I second this. I use and like CoffeeScript, especially if I'm pretty sure nobody else will touch my code, and especially if I'm just tinkering or exploring.
But after doing a lot of mostly CoffeeScript, I had to do some 'plain' JS work, and it took me a while to get back into it. And that can be a problem if you just need to get stuff done sometimes.
(PS: kudos for submitting this! I'm more than a decade older than you are, and I get nervous just thinking of sharing my code with this crowd!)
Mike Bostock pointed out that he had already extracted D3's DSV parsing into it's own repo when i expressed my disappointment i couldn't use d3's w/o rewriting parts of D3's DSV parser.
It's not as complex as you make it sound. The parser should pass along any non-terminal characters without issue.
The rest of the edge cases (ex newlines in data) can be handled by using a proper DFM (Deterministic Finite State Machine). None of that String.split('\n').split(',') garbage.
If you're processing text as binary without using a string reader that can differentiate between UTF-8 and ASCII then you're doing it wrong.
With that said, I agree completely that people should use an established library. Code that has been viewed, used, broken by thousands of users is infinitely better than any home grown variant.
Source: With lots of blood sweat and tears I authored one of those 'solid' libraries.
Once you have your state machine working, your best bet to optimize speed is by limiting string copy operations.

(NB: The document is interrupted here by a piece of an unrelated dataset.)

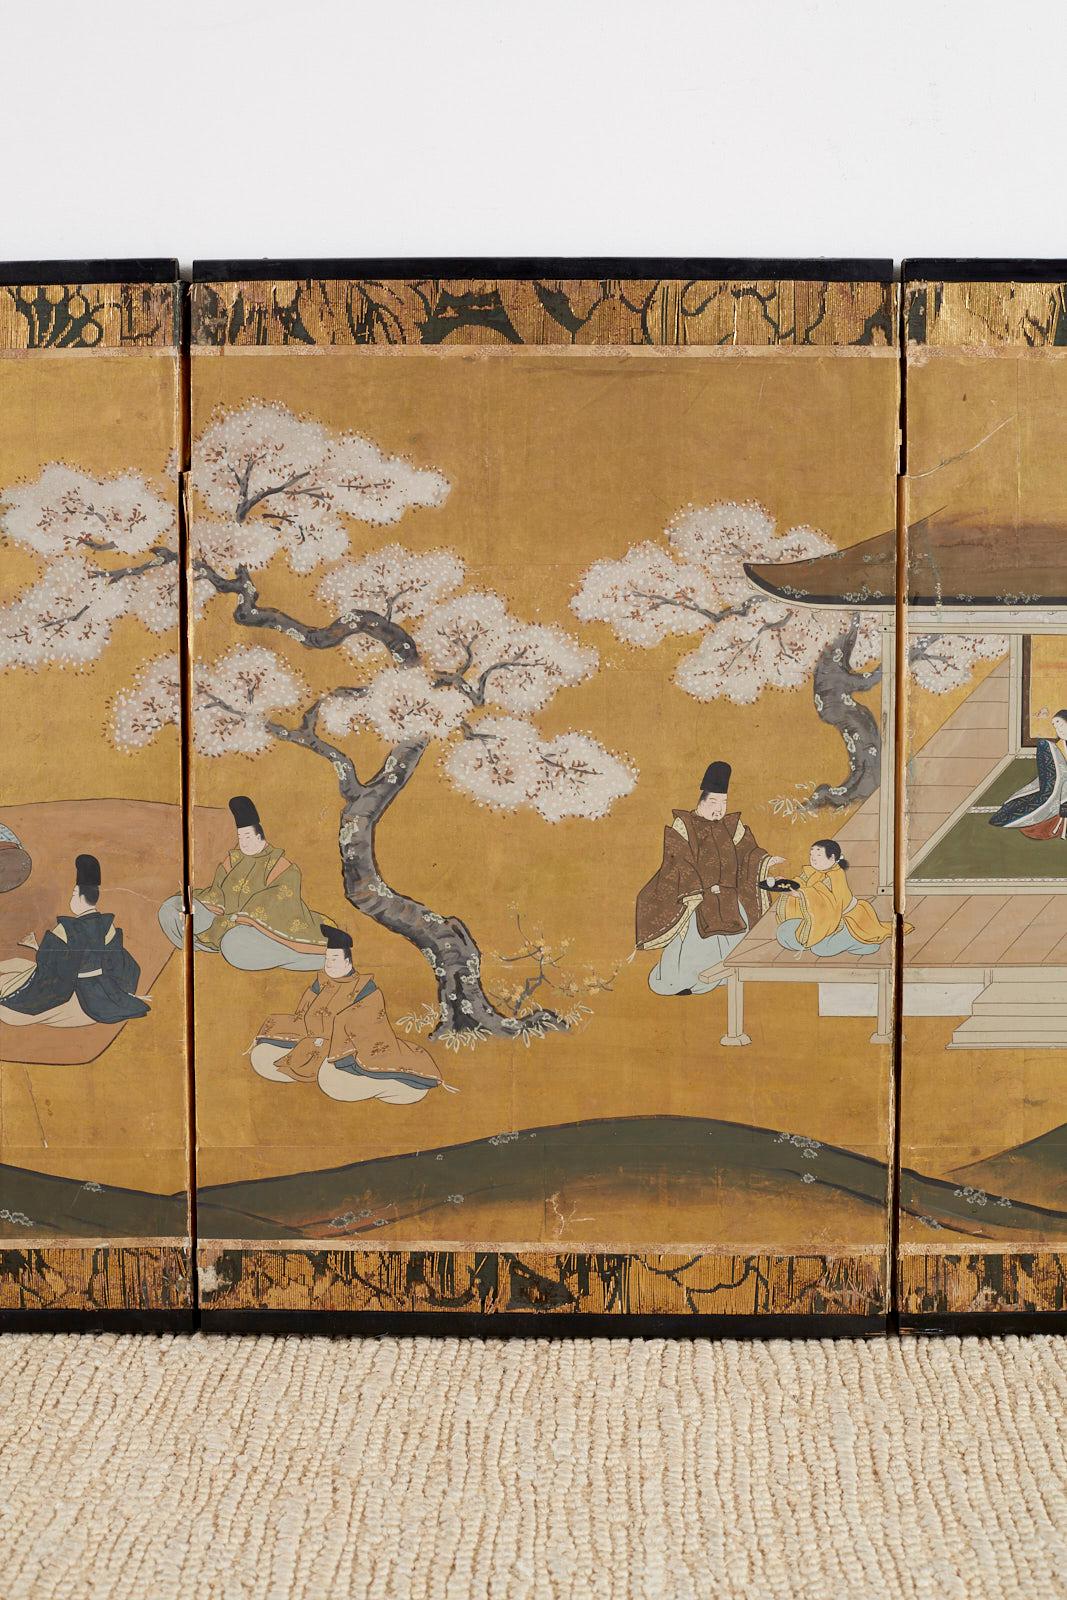 Hand-Crafted Japanese Four Panel Tales of Genji Picnic Screen

I managed this by using a regex tokenizer that groups any non-terminals (ex data between quotes).
I wrote it with the intent of providing a lib that can effectively parse CSV data from the browser (loaded remotely via AJAX or locally via the HTML5 File API).
The biggest weakness of parsing CSV on the browser is the inability to process data streams. That 2GB memory limit on JS scrips in the browser becomes a fundamental weakness when you're trying to process large CSV files.
CSV in general is terrible for data storage, unless it's only used for serialization because arbitrarily reading any point in the input data stream requires the parser to start from the beginning. You're basically screwed if you can't hold the whole dataset in memory as a 2D array.
Consider starting at the default behavior with the documentation. For example, in the parse section, if no header option is provided, the first row will be returned as an array correct?
Start there: "The default behavior is to return each row of the CSV as an array." then "If the CSV file has a header, pass in {header: true} to get back an object using the header values as keys." then "If the file does not have a header, pass in ...".
Also, can a user override a header that is present in the data?
This'll return a CSV based off of a JavaScript array of objects (or arrays). You'll have to find something else to allow the user to download a .csv, since that's out of the use-case this was designed for.
I don't want to be negative but this will not work on CSV files that contain newlines inside columns. You should also implement escaping quotes - this is very important to ensure that the data can round-trip! Good for a first attempt, but as simple as CSV may look, there are subtle points that you should be aware of if you want to handle most if not all CSV out there. I've worked with lots of other implementations that get these little things wrong too, and it is particularly aggravating when CSV is supposed to be a pretty standard interchange format for tabular data. Please refer to RFC4180 for the details.